Asdrubal e as almofadas

O que Asdrubal gostava mesmo era de almofadas. Um gosto tão peculiar que chegava a colecioná-las. Mas não se trata de uma coleção descompromissada, pela junção de diferentes exemplares, a coleção era meticulosa o bastante para que ele descreve em detalhes mínimos o tecido, a maciez e o volume de cada uma delas.

Outro fator curioso é que Asdrubal as guardava num comodo especial dentro de casa, uma sala com o assoalho forrado de almofadas. O comum é que as pessoas preenchessem as suas salas com sofás e algumas almofadas. Mas nosso colecionador tinha uma teoria própria: sofás são desconfortáveis, um lugar onde só podemos sentar e observar a nossa volta. Almofadas não, são variadasm sortidas, especiais. Nelas se sentam, se deitam, se abraçam. A demonstração mais perfeita da palavra "conforto".

Certa manhã depois de um café pequeno e um pão com manteiga sobre suas fofas acomodações. Um anseio recorrente veio no peito. No peito? Que exagero! Sim querida, no peito. Asdrubal precisava de uma nova almofada.

Estava decidido, levantou-se e saiu à caça de uma nova peça para a sua coleção. O mais interessante é que ele desenhava no pensamento as particularidades de cada almofada nova que adquiria. Esta sim, seria diferente das outras. Ou não, apenas mais uma almofada.

Levantar daquele estado contemplativo - quase um sono leve - era penoso. Cada movimento novo, de cada parte do corpo lhe parecia dolorosa. Atravessar os outros aposentos da casa era como um desafio com obstáculos. Mas todo este desconforto se resumia a um só objetivo: a procura.

Procurava nos lugares mais improváveis por mais uma querida e confortável parceira de deitar, sentar, abraçar, chafurdar e outras adjacências. Olhava em outros jogos de sofá, em pilhas avulsas. Bendito seja o vendedor que o atendesse no momento em que ele a encontrasse. Era quase um apego afetivo, não importa a que preço, ele ia levar.

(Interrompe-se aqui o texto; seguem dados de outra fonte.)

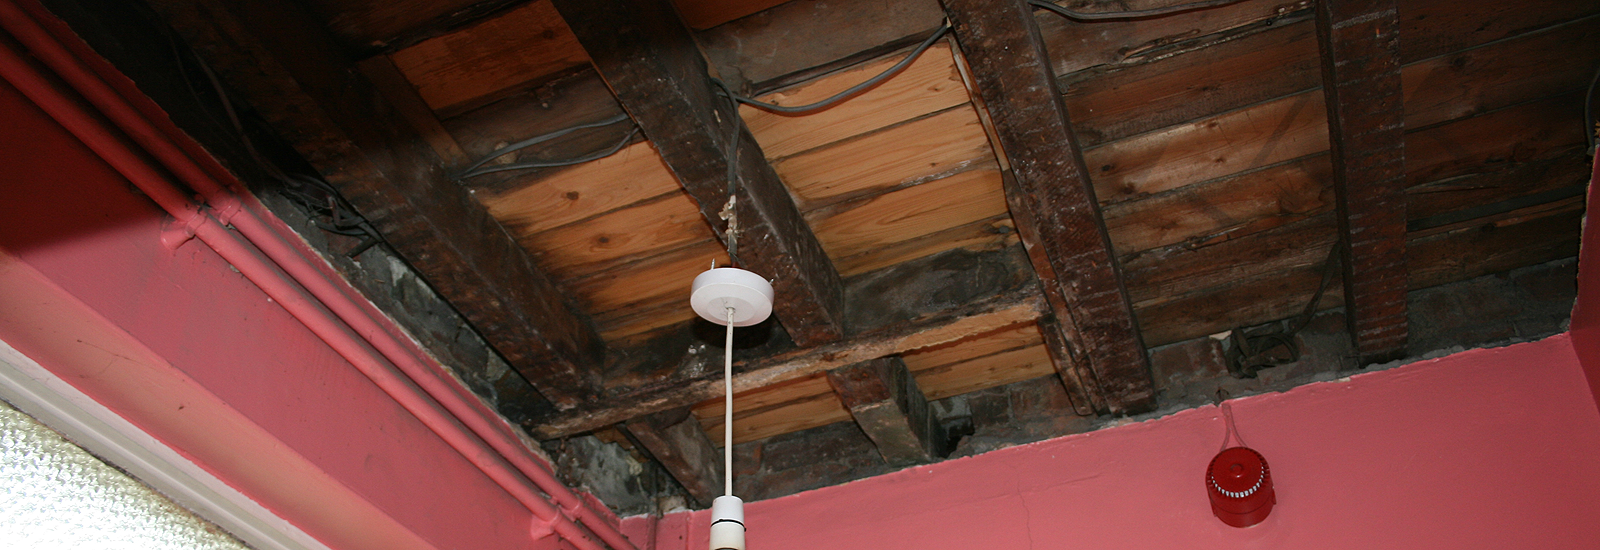 Ceiling Repair Water Damaged Before Replaster
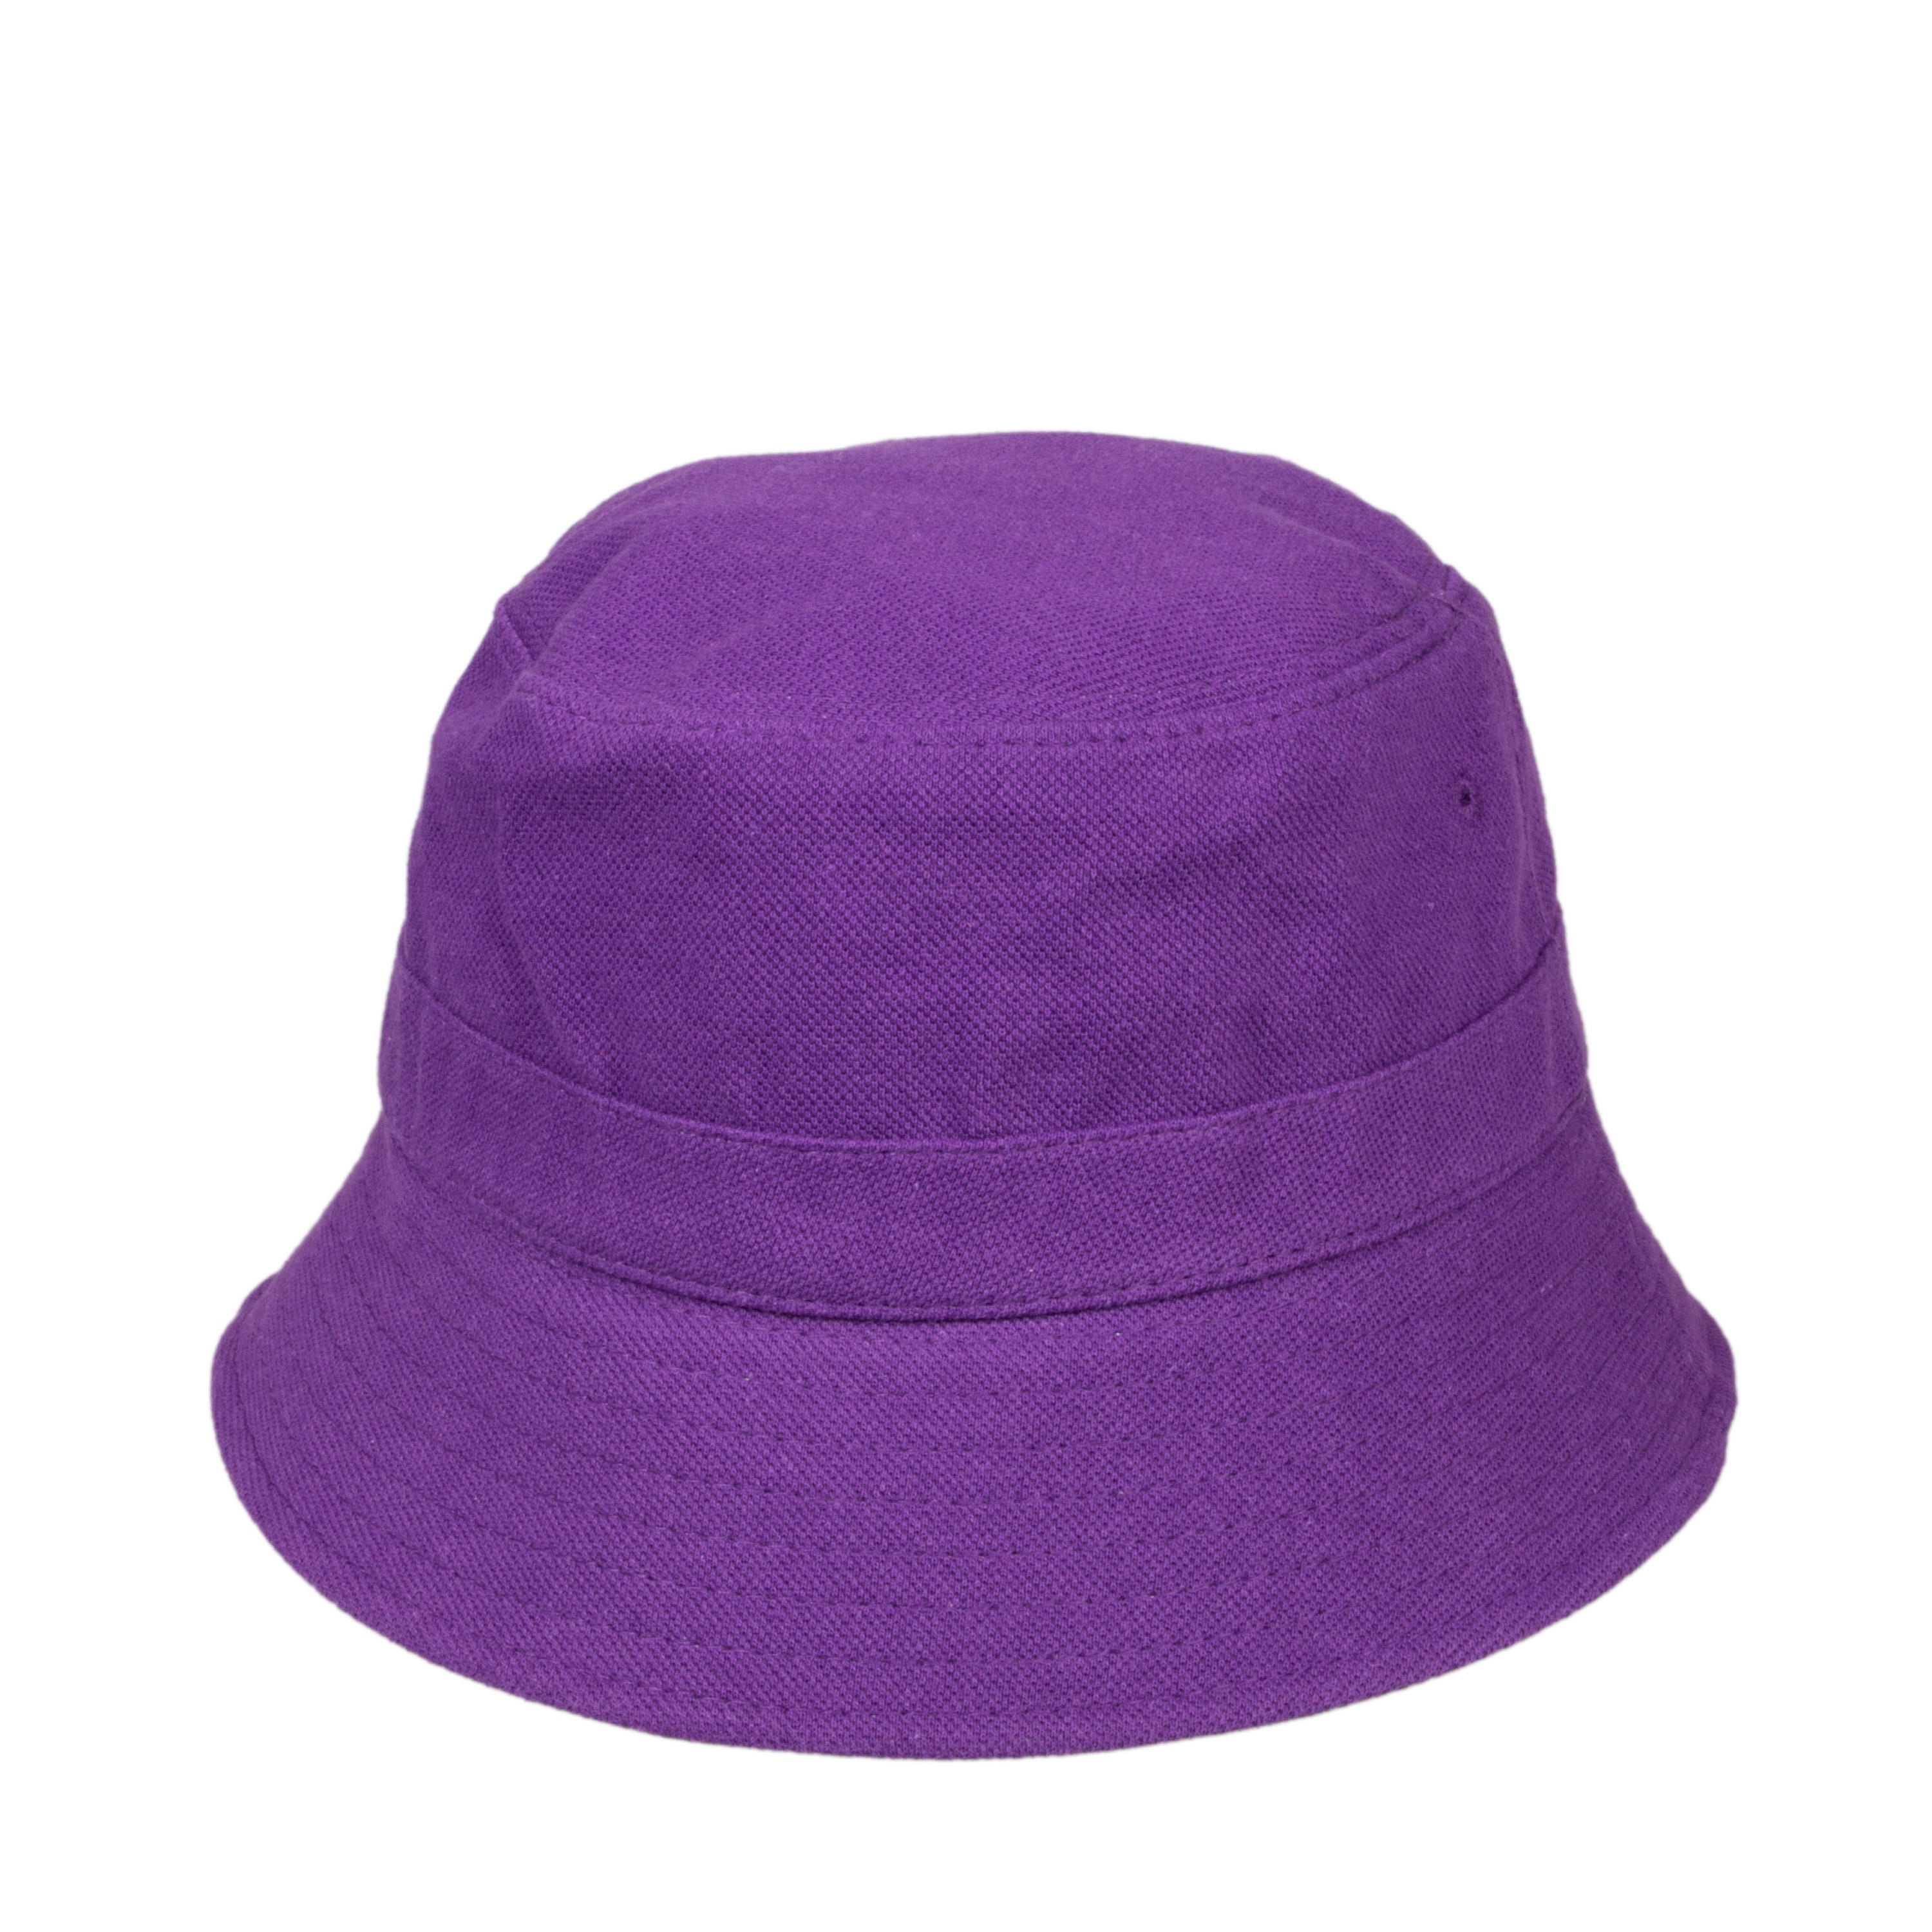 Purple Cotton Bucket Hat, Women Bucket Hat, One Size Hat, Women Summer Hat, Fisherman Summer Hat, HATSQUARE Women Hat, Travel Sun Hat

No caminho para casa Asdrubal a abraçava com carinho, toda embrullhada junto ao coração. E é aí minha querida que uma ligação diferente se estabelecia um laço entre os dois. Não havia outras peças que tirassem a atenção para a nova aquisição. Uma cegueira que o impedia de enxergar o exagero de fofuras e extravgâncias que tinha naquele cômodo.

Ao chegar em casa, chegava o momento de decidir onde ficaria a nova almofada. Mas a decisão era quase sempre rasa e quase aleatória. O que realmente importava era descobrir a que parte do corpo aquele quadradinho confortável dava mais aconchego. Punha atrás da cabeça, deitava de lado, de bruço. Ainda não. Colocava nos pés, cruzava uma perna sobra a outra. Ainda não. Trouxe para as costas na região anterior ao tórax, mais ou menos onde fica deitado o coração, sabe?

Agora sim, que perfeição, que delícia. Daqui não levanto mais, dizia ele. Durante o descanso pensava: Para que existe a casa toda, se este é o cômodo mais agradável?
Que dúvida tola! Mas, naquele estado de repouso, parecia a mais perspicaz coerência.

A surpresa é que o sossego daquele cômodo ia sendo perturbado, o peso do corpo e do coração de Asdrubal comprimiam o enchimento da almofada que ia se tornando cada vez mais dura. Quanto mais dura, mais desconfortável e mais próximo da dureza fria do chão.
Maldita inquietude que dava nessa hora. Incomodozinho petulante.

Só havia uma solução, ele arregalava os olhos resolvendo o problema, surpreso com uma solução que parecia nova, quem sabe conveniente, dizia: Preciso de uma nova almofada para forrar esta sala.